Ancak Allah (Azze ve Celle) hastalıkların şifasını haram kıldığı şeylerde kılmamıştır. Yani midesi ağrıyan birinin bira içmesi ya da dişi ağrıyan birinin alkol alması gibi.
Bundan dolayı bir hastanın, hastalığını tedavi etmesi için, gaybı bildiklerini iddia eden kahinlere gitmesi asla caiz değildir. Ayrıca, onların haber verdiklerini tasdik etmek de caiz değildir. Çünkü onlar, bilinmeyen hakkında konuşmakta veya istediklerini elde etmek için cinlerden yardım almaktadırlar. Bu gibilerin hükmü; gaybı bildiklerini iddia ediyorlarsa küfür ve sapıklıktır.
Rasulullah (Sallallahu Aleyhi ve Sellem) bu konuda şöyle buyurmaktadır:
“Herkim, bir falcıya gider de ona bir şey sorarsa, kırk gün namazı kabul olunmaz.”
Müslim
Ebu Hureyre (Radiyallahu Anh) şöyle dedi:
“Rasulullah (Sallallahu Aleyhi ve Sellem)’in:
‘Herkim, bir falcı veya kâhine gider de ona bir şey sorar ve söylediklerini tasdik ederse, Muhammed’e indirileni inkâr etmiş olur’ buyurdu.”
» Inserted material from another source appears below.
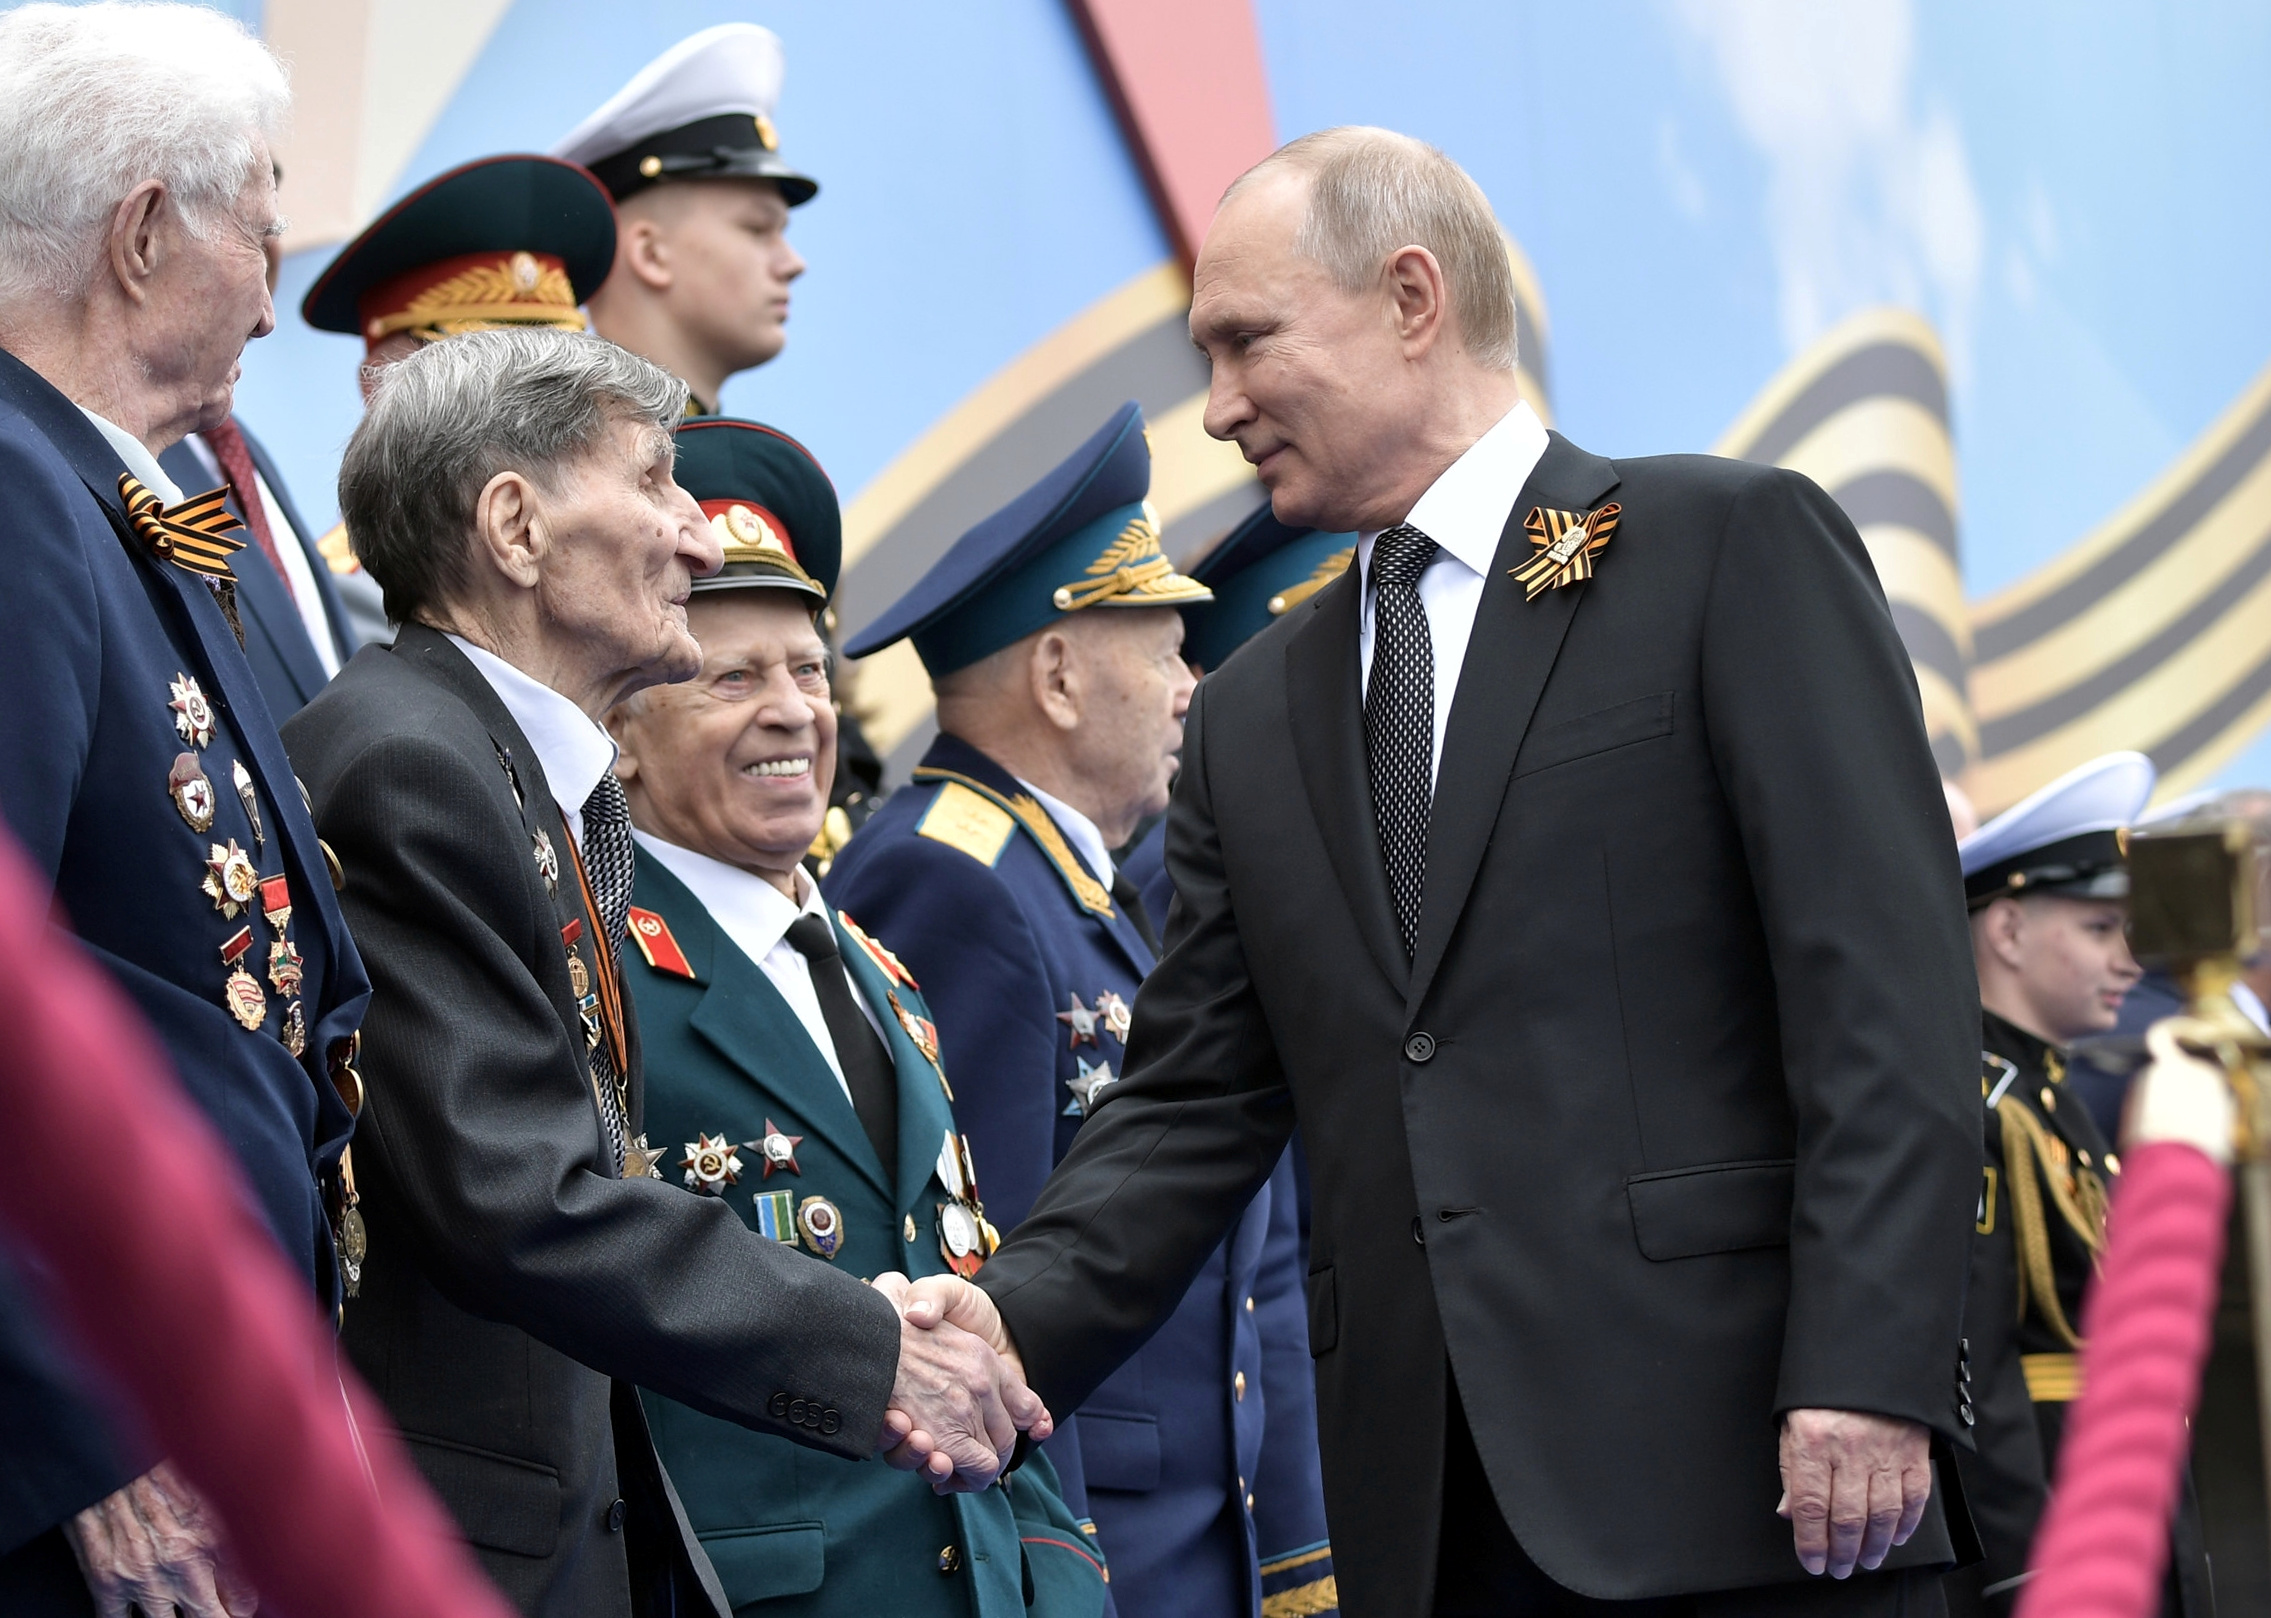 2019-05-09T084306Z_708031095_RC1B0A5AB2C0_RTRMADP_3_WW2-ANNIVERSARY-RUSSIA-PARADE
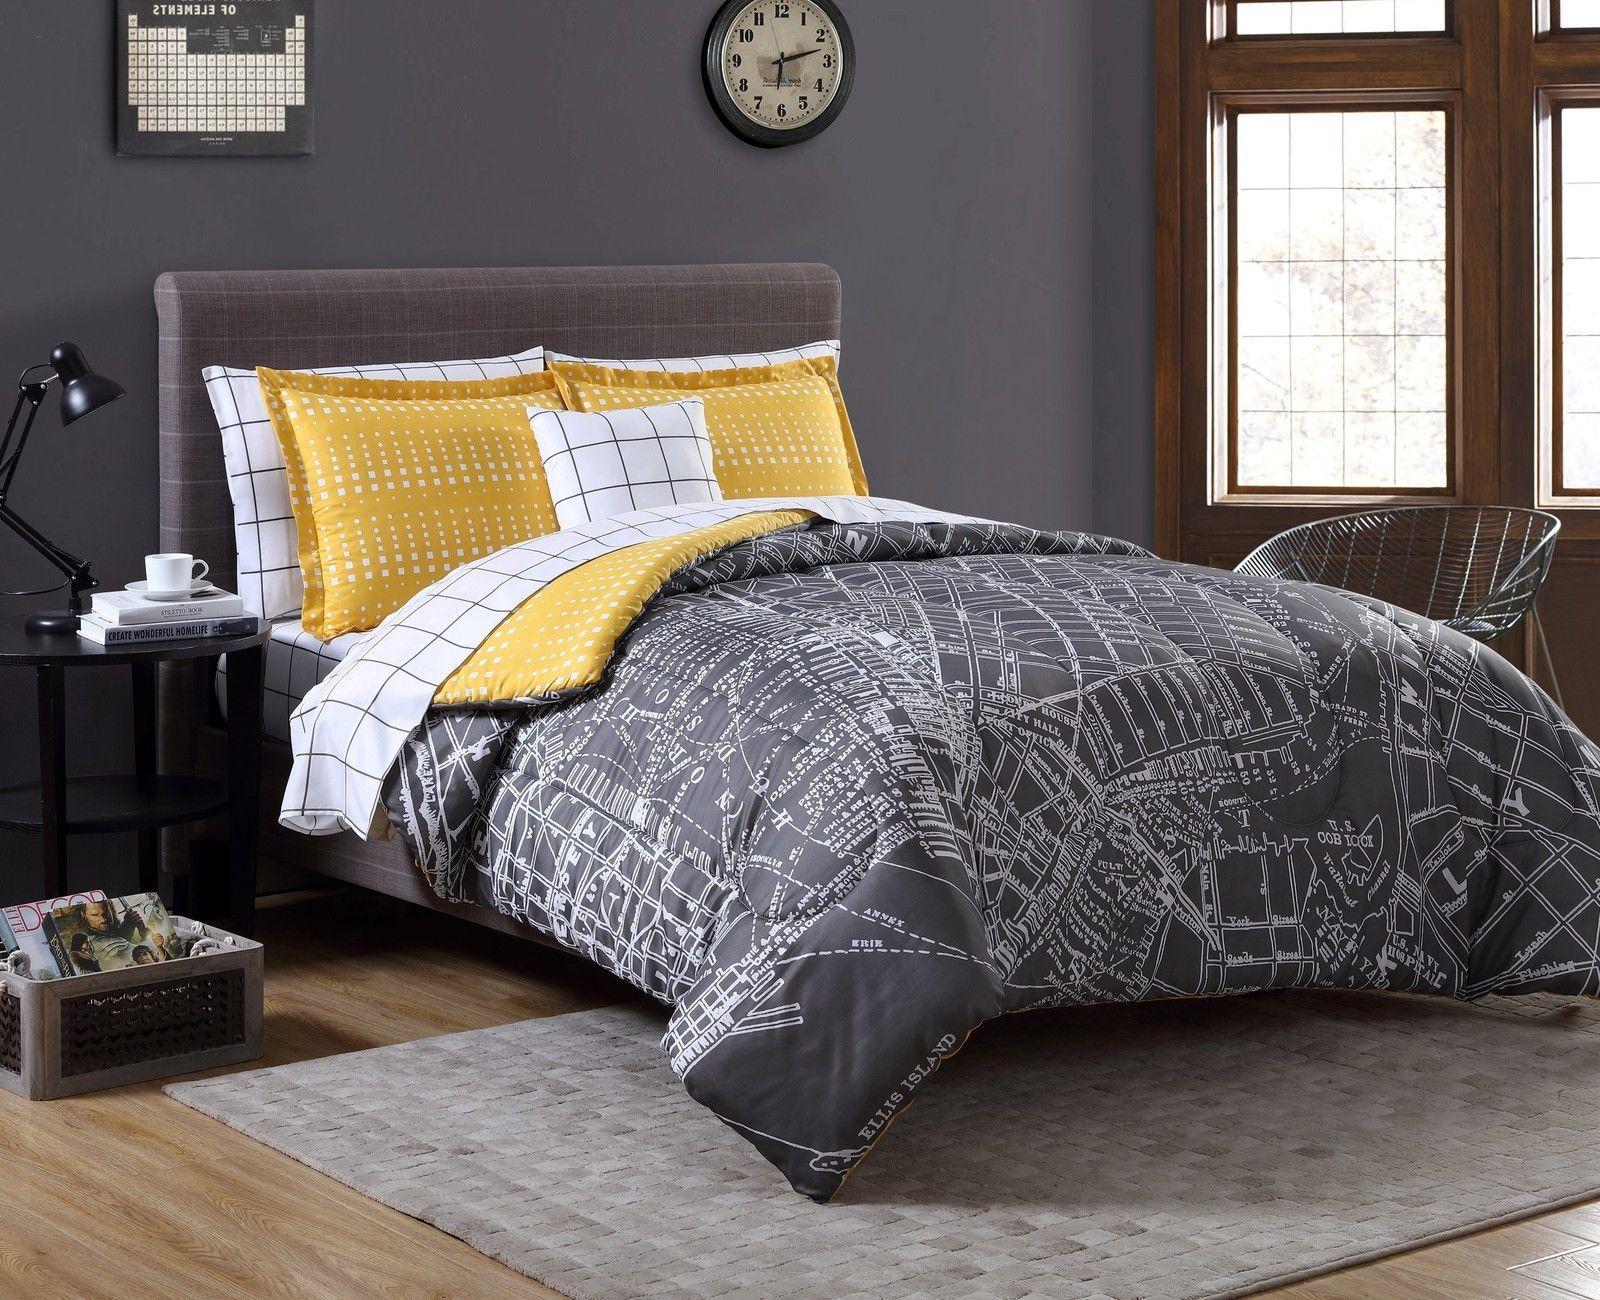 details about 6 piece twin xl complete bedding comforter set modern

Ebu Davud, Nesei, İbni Mace, Tirmizi, Hakim
İmran bin Husayn (Radiyallahu Anh) şöyle dedi:
“Rasulullah (Sallallahu Aleyhi ve Sellem):
‘Bir şeyi uğursuzluk sayan veya kendisi için uğursuzluk saydıran, kehanette bulunan veya kendisi için kehanette bulunduran, büyü yapan veya yaptıran bizden değildir! Herkim, bir kâhine gider de ona bir şeyi sorar ve söylediklerini tasdik ederse, Muhammed’e indirileni (dini) inkâr etmiş olur’ buyurdu.”
Bezzar
Yukarıdaki hadisler falcı, kahin, sihirbaz ve bunun gibi kimselere giderek onlara bir şey sormayı, onları tasdik etmeyi şiddetle yasaklamakta ve bunu yapanları cehennem azabıyla tehdit etmektedir.
Alimlere, İslam davetçilerine, diğer güç ve yetki sahibi kimselere düşen görev; kahin, falcı ve bu gibi kimselere gitmeyi inkar etmeleri gerekir. Çarşı ve pazarlarda bu gibi işlerle uğraşanları yasaklamalı ve en katı bir şekilde bu durumu inkâr edilmelidir.
Bazı şeylerde doğru olduklarını iddia ettiklerine ve pek çok insanın kendilerine geldiklerine aldanmasınlar. Çünkü o insanlar, cahil insanlardır. İnsanların bunların sözüne aldanarak onlara uyması asla caiz değildir.
Çünkü Rasulullah (Sallallahu Aleyhi ve Sellem) onlara gidip bir şey sormayı ve onları tasdik etmeyi yasaklamıştır.
Bu, büyük bir kötülük, çok tehlikeli ve vahim neticeleri olan bir durumdur. Çünkü bu gibi kimseler, yalancı ve günahkârdır. Yukarıdaki hadisler, kâhin ve sihirbazın kâfir olduğunu delil teşkil etmektedir. Çünkü kâhin ve sihirbaz, gaybı bildiklerini iddia etmektedirler ki bu küfürdür.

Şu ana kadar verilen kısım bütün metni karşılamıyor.